The day was wretched, blustering and wet; the crossing was
atrocious, and they were very sick. But after having been very sick,
just to arrive at Calais and not be sick was happiness, and it was
there that the real splendour of what they were doing first began to
warm their benumbed spirits. It got hold of Mrs. Wilkins first, and
spread from her like a rose-coloured flame over her pale companion.

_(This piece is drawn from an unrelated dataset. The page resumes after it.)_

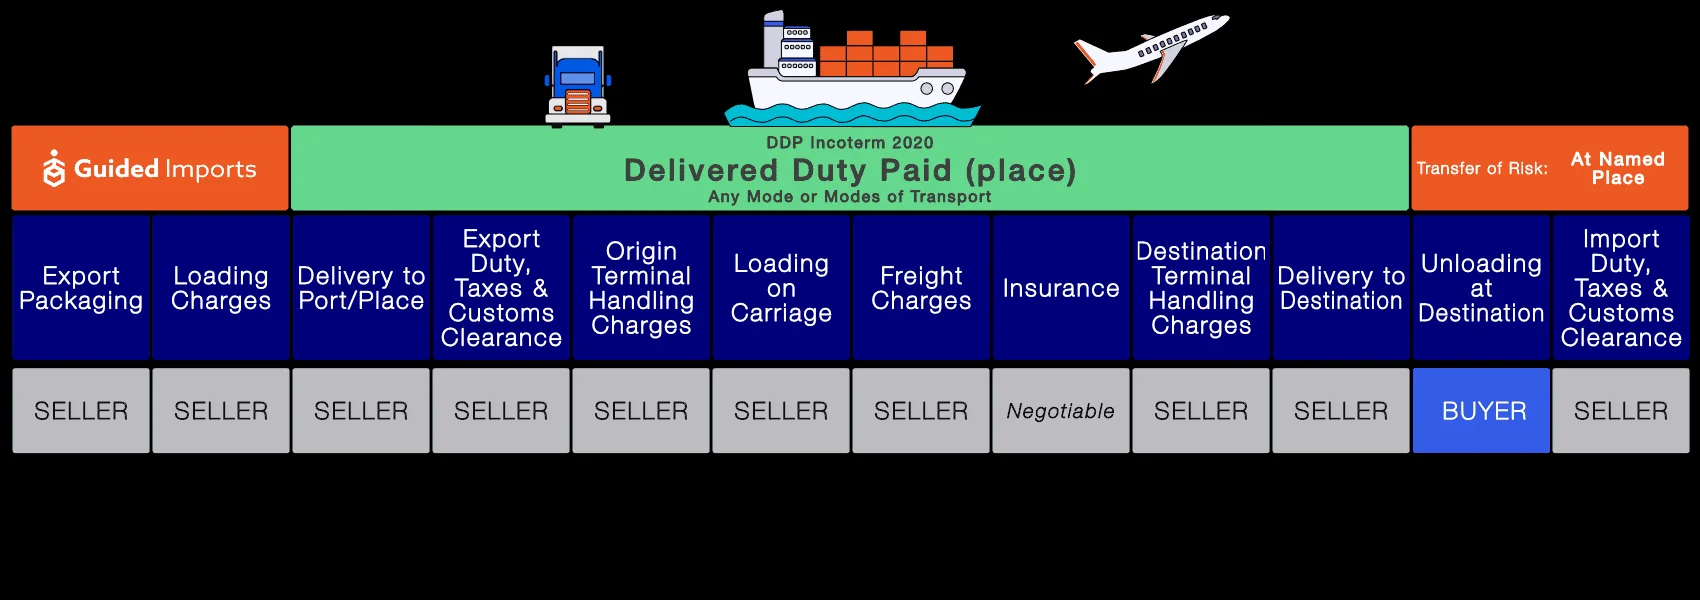 East Shipping To Cote d'Ivoire Freight Forwarder Shipping Agent Logistics Services DDP Double Clearance Tax Ship Cote d'Ivoire factory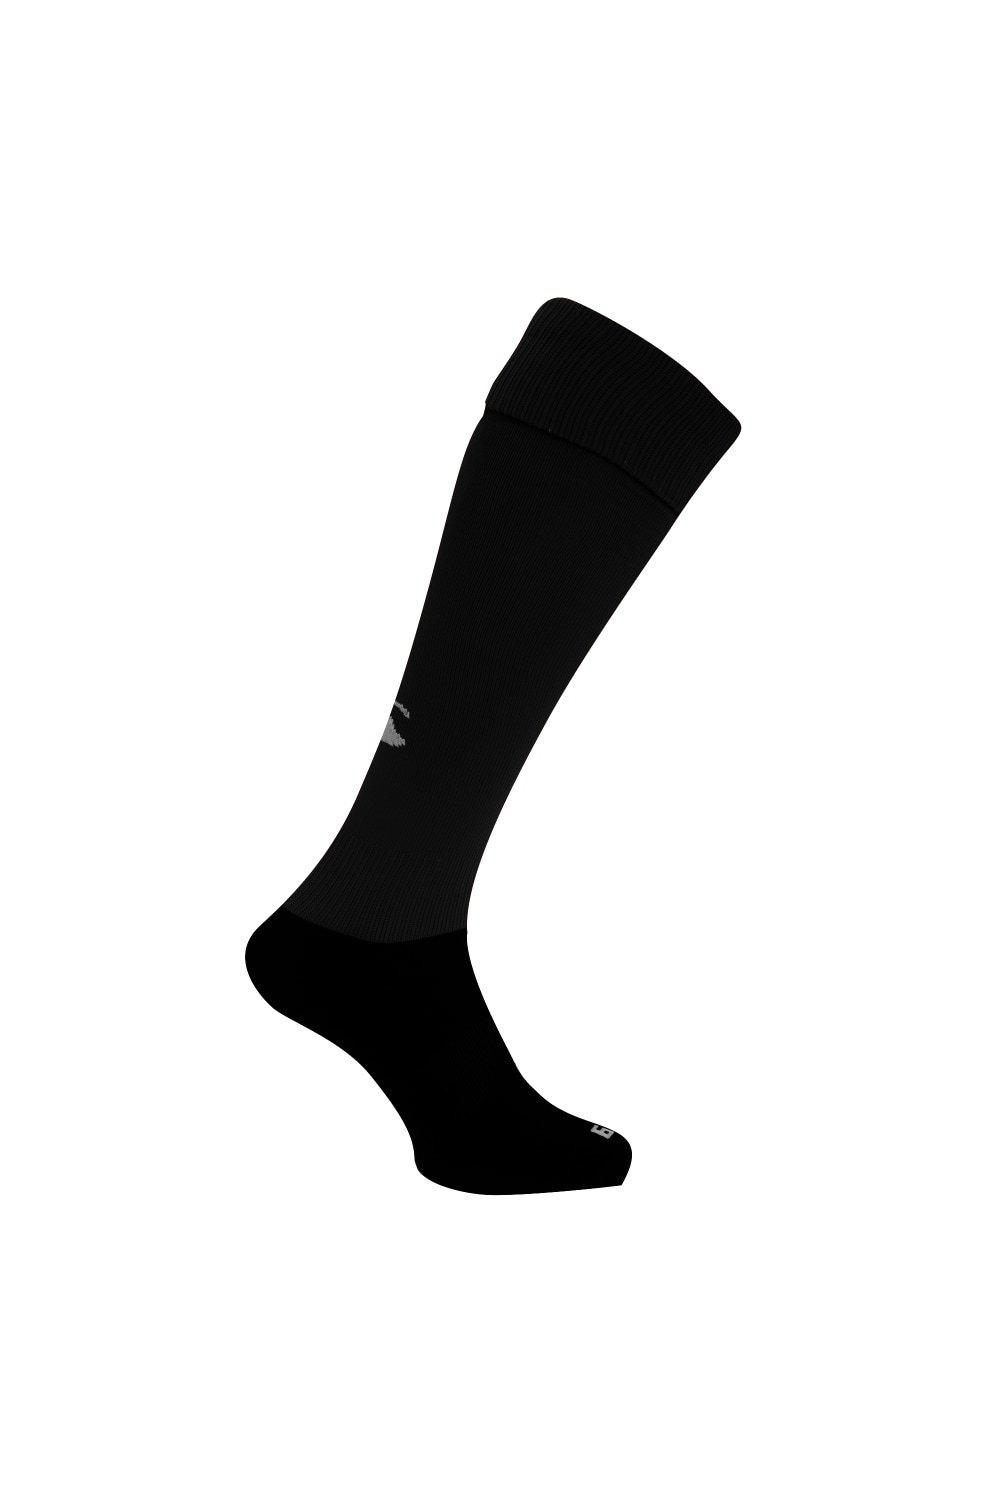 Playing Rugby Sport Socks

Mellersh at Calais, where they restored themselves with soles because
of Mrs. Wilkins's desire to eat a sole Mellersh wasn't having--Mellersh
at Calais had already begun to dwindle and seem less important. None
of the French porters knew him; not a single official at Calais cared a
fig for Mellersh. In Paris there was no time to think of him because
their train was late and they only just caught the Turin train at the
Gare de Lyons; and by the afternoon of the next day when they got into
Italy, England, Frederick, Mellersh, the vicar, the poor, Hampstead,
the club, Shoolbred, everybody and everything, the whole inflamed sore
dreariness, had faded to the dimness of a dream.